Resisting the temptation to plump for a second reserve batsman in Rohit Sharma, Krishnamachari Srikkanth’s five-man panel has gone for the off-spin of R Ashwin and the leg-spin of Piyush Chawla to supplement principal spinner Harbhajan Singh, though it is unlikely that India will field two specialist spinners in more than just the occasional match.
India have traditionally been comfortable playing the four specialist bowlers and relying on the plethora of spinning options among their top-order batsmen to make up the fifth bowler’s complement of ten overs. With Yusuf Pathan almost certain to make the playing eleven at home, they have an additional one semi-specialist spinning option to fall back on, allowing Mahendra Singh Dhoni to play three seamers in every match.
In having picked only four pacemen, the decision-makers have followed the time-honoured principle of keeping the faith. Successful teams have based their campaigns on a settled, secure playing eleven. Indeed, when India made the final of the 2003 World Cup in South Africa, they used just 12 players in ten matches, the services of Ajit Agarkar, Sanjay Bangar and Parthiv Patel not required at all.
Perhaps occasionally, India will mix and match Zaheer Khan, Praveen Kumar, Ashish Nehra and Munaf Patel and pick three out of four, mainly because the World Cup is a long tournament if you throw in the warm-up games and because most of this quartet is carrying some niggle or the other, but otherwise, unless old injuries resurface with telling effect, the core group will remain unaltered throughout the tournament.

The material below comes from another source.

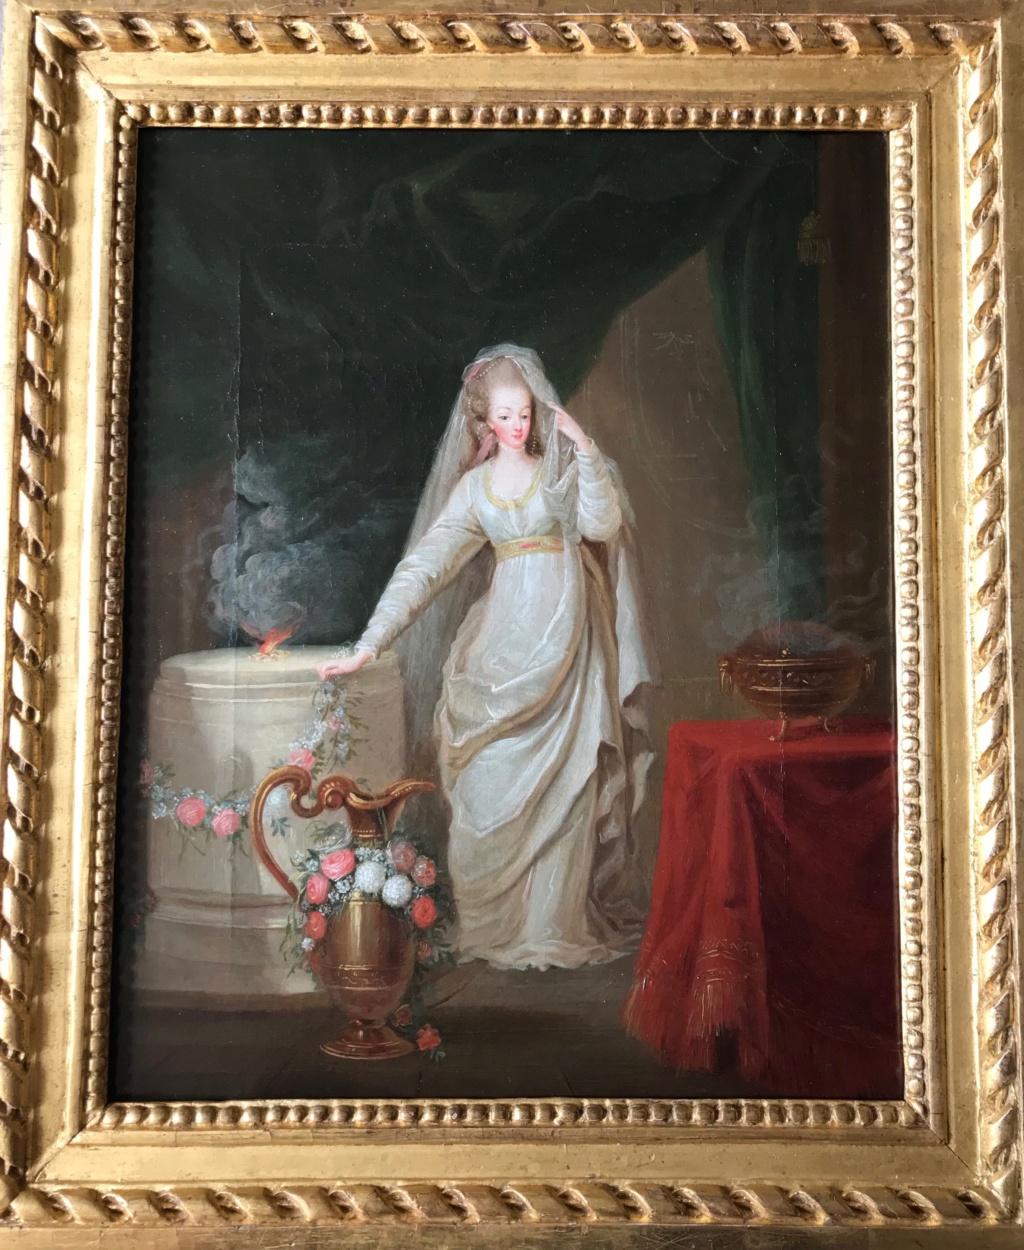 Portraits de Marie-Antoinette et de la famille royale par Charles Le Clercq - Page 3 Img_0538
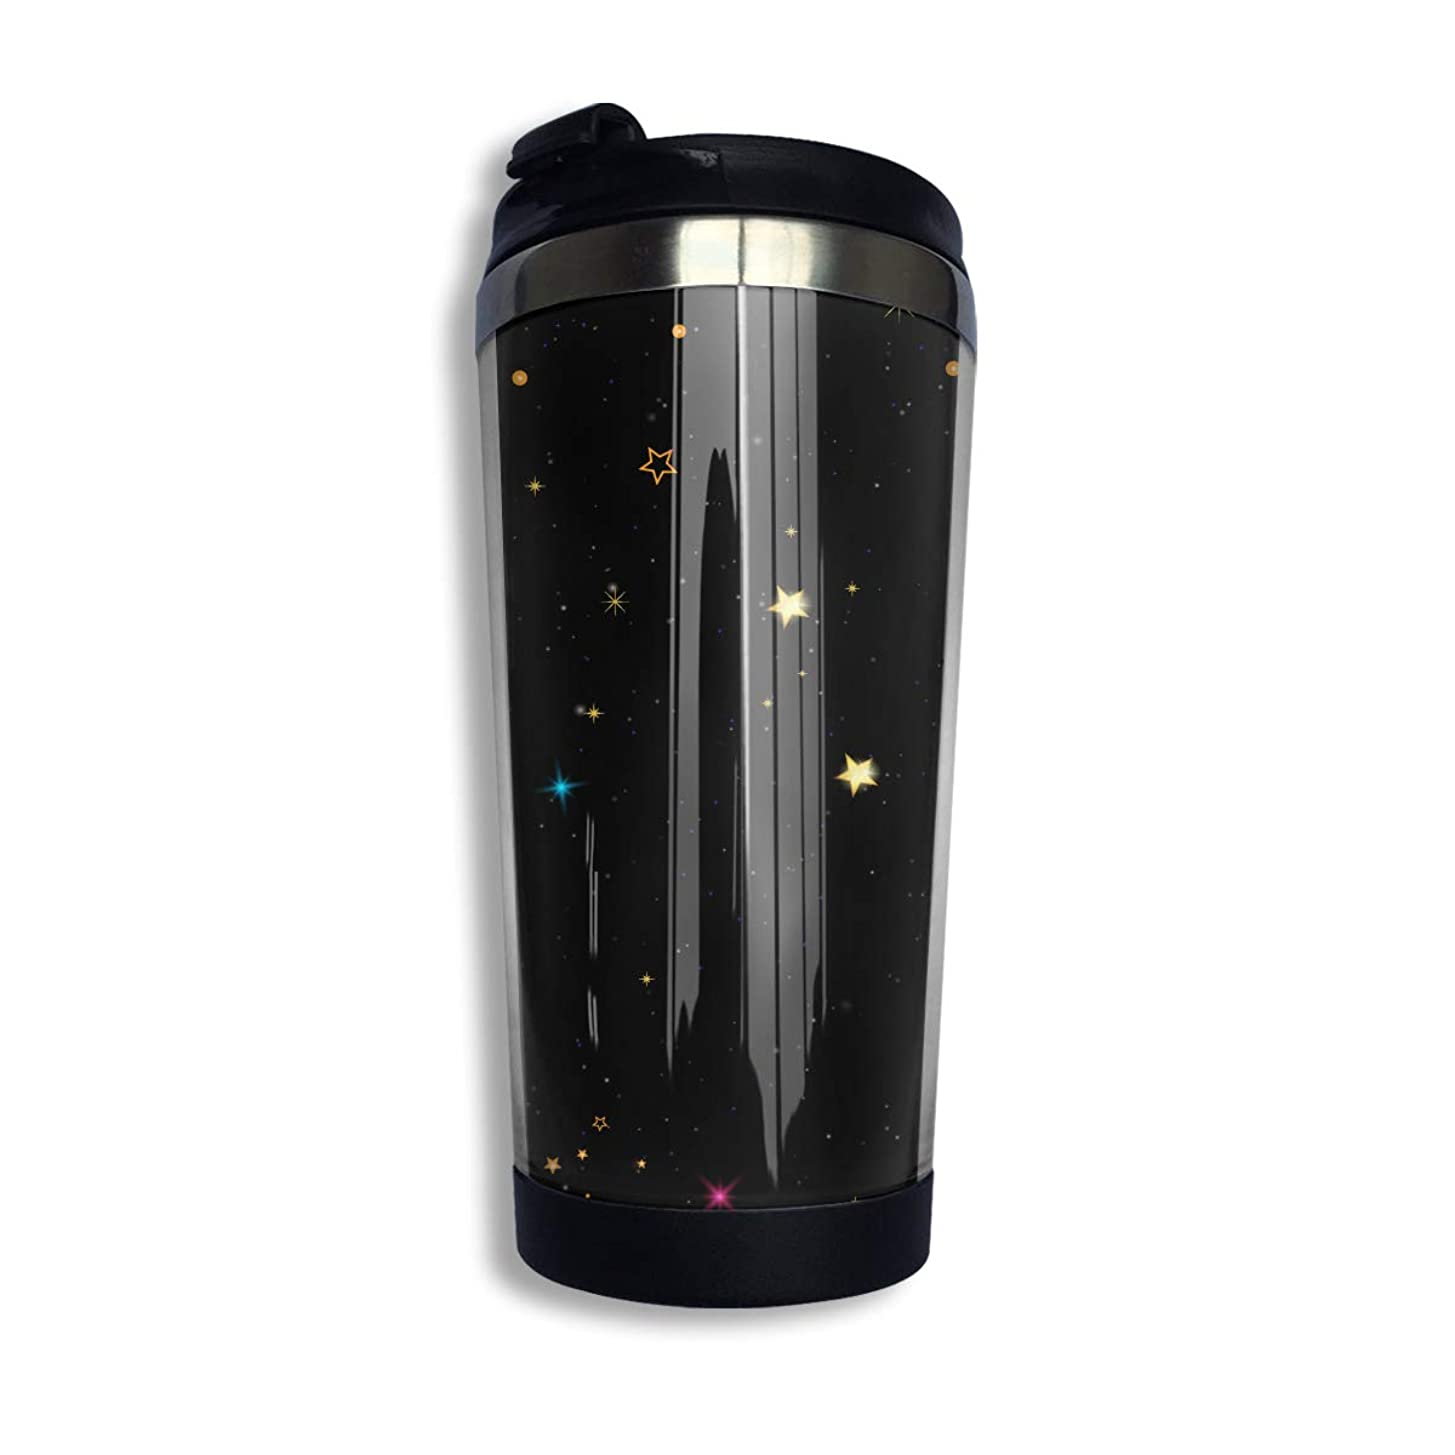 作曲する魅惑的な優れましたMilicamp マグボトル 水筒 直飲み 魔法瓶 400ml ステンレスマグボトル 保温 カップ おしゃれ 星空物語 コーヒー コップ 蓋付き 真空断熱タンブラー ステンレスボトル オフィス ギフト 贈り物

Mumbai middle-order batsman Rohit will perhaps consider himself unlucky to have missed out on selection, but if he is true to himself, he will acknowledge that he hasn’t done enough for the selectors to pencil in his name automatically. The promise he showed at the start of his career hasn’t quite translated itself into a bagful of runs. As recently as last May in Zimbabwe, when he made back-to-back hundreds for a second-string side in a tri-series as the rest of the batting unit floundered, he suggested that he had turned the corner, but subsequent events have shown that that was only the latest false dawn in a career of reasonably disappointing proportions.
Conversely, Chawla must realise that he is the recipient of a lucky break. The 22-year-old leggie hasn’t played a limited-over international for two and a half years now and was recalled only because left-arm spinner Pragyan Ojha is nursing a shoulder injury. To make the World Cup side without any recent form to back him up is nothing if not a mini-miracle, and if he feels the pressure to justify his selection, that is well warranted.
Ashwin’s selection is the reward for courage and character. Steadfastly overlooked by Dhoni even when Harbhajan wasn’t a part of the squad, Ashwin came into his own under Gautam Gambhir in the home series against New Zealand late last year. He isn’t the most athletic on the field – how much India’s lethargic, old-worldly approach on the park will hurt them, only time will tell – but his command over his skills, especially in the limited-overs format, is exemplary.
He offers bounce, is a viable option during Power Plays when the field is in, and possesses a versatile bag of tricks including the ‘carrom’ ball. Economy might not be his forte, yet, but he is an attacking bowler unafraid to try and buy wickets. A true rarity in the modern game, and especially so in the limited-overs version.